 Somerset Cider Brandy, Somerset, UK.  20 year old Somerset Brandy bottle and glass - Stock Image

########################################

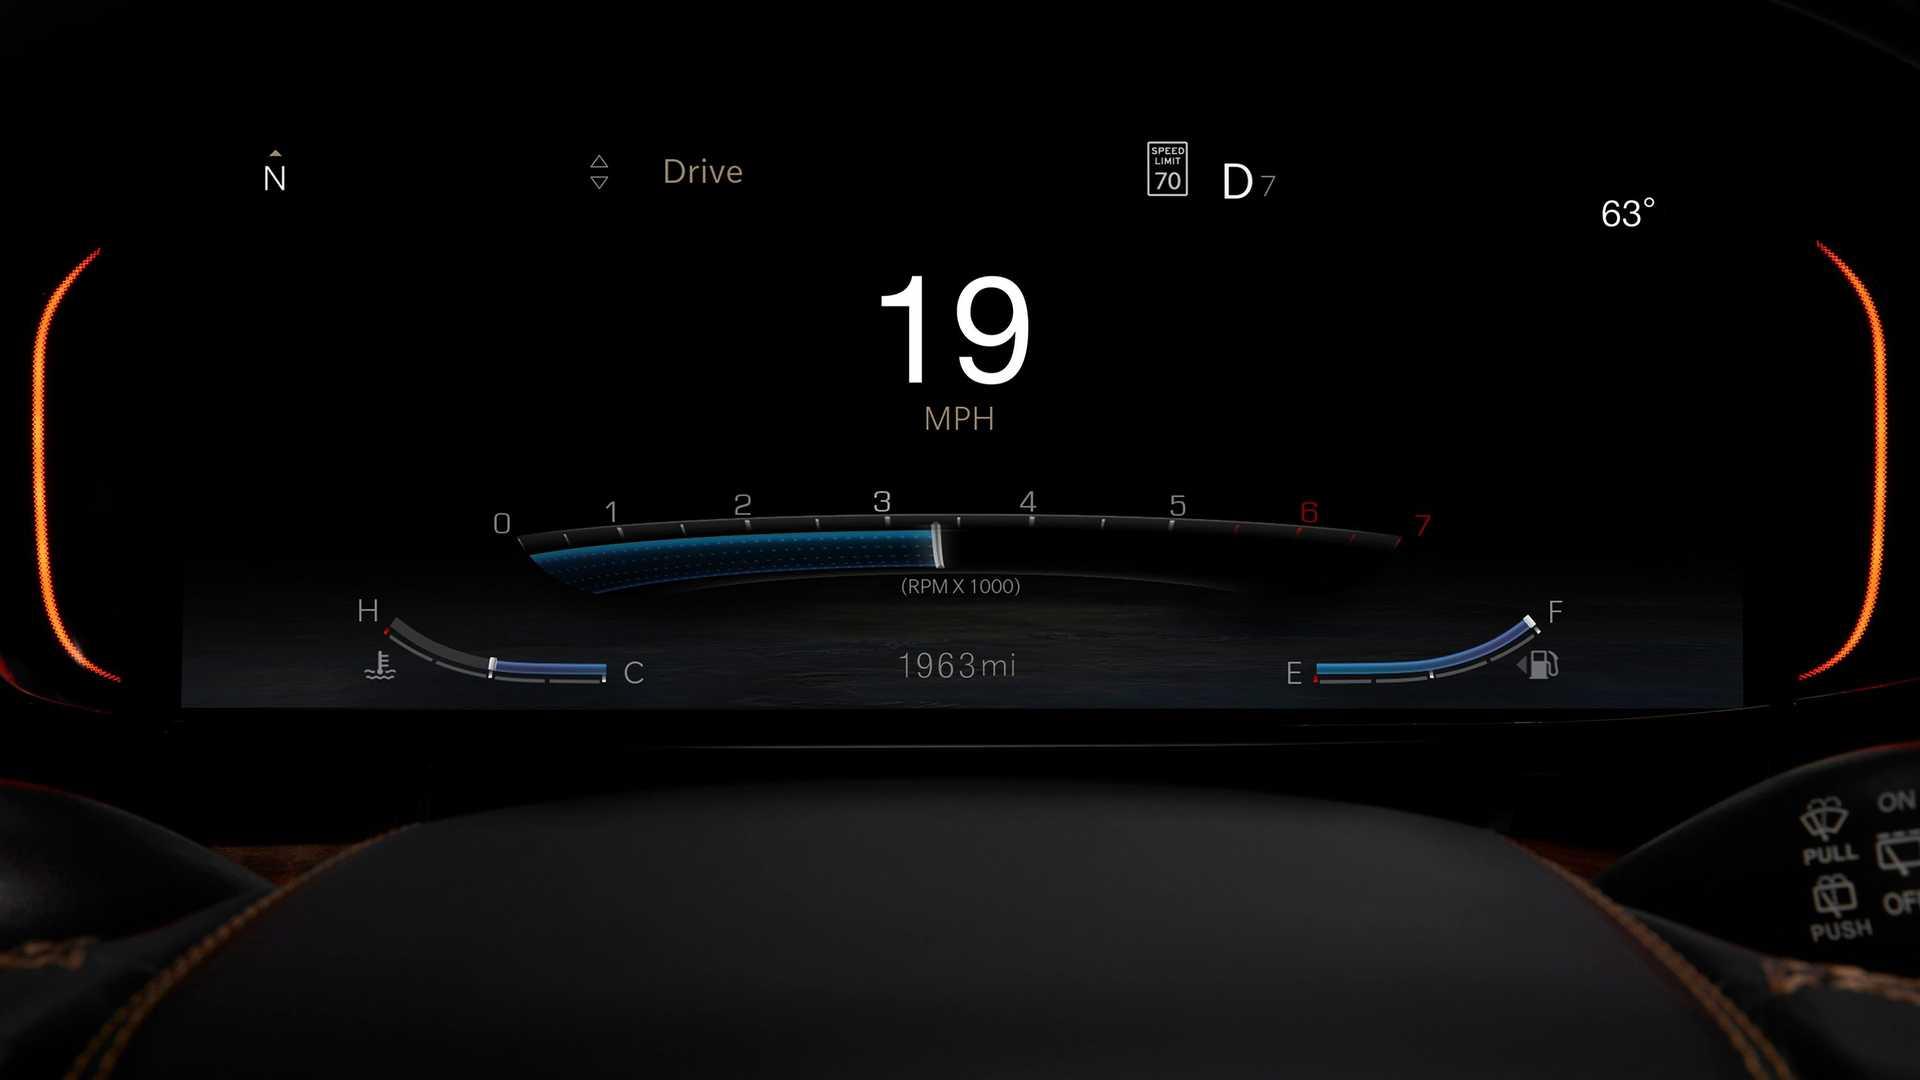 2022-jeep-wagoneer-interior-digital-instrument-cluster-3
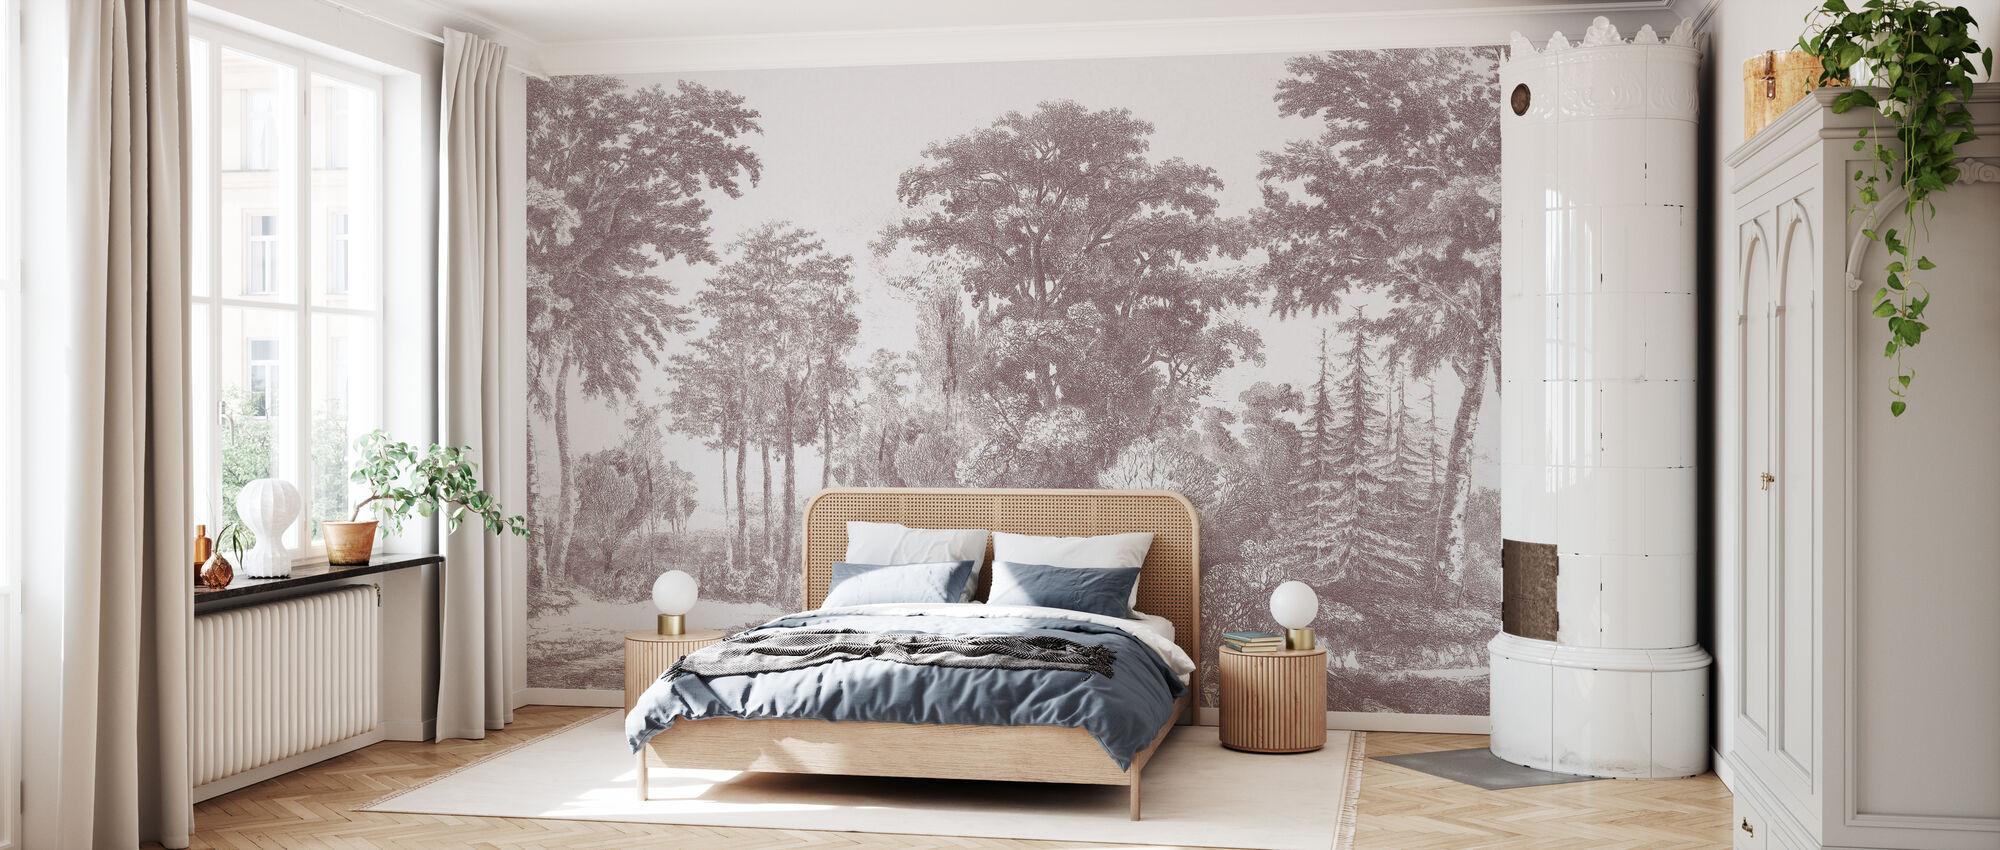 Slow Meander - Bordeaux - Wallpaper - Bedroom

########################################

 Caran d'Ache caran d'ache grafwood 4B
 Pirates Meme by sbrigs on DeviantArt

########################################

→ **WHAT YOU ARE ASKED TO DO**: Retype, in the same exact form, the lines of the material above from the line holding "Caran d'Ache caran d'ache grafwood 4B" through the line holding "Pirates Meme by sbrigs on DeviantArt".

→ **OUTPUT FOR THIS TASK**:
 Caran d'Ache caran d'ache grafwood 4B
 Pirates Meme by sbrigs on DeviantArt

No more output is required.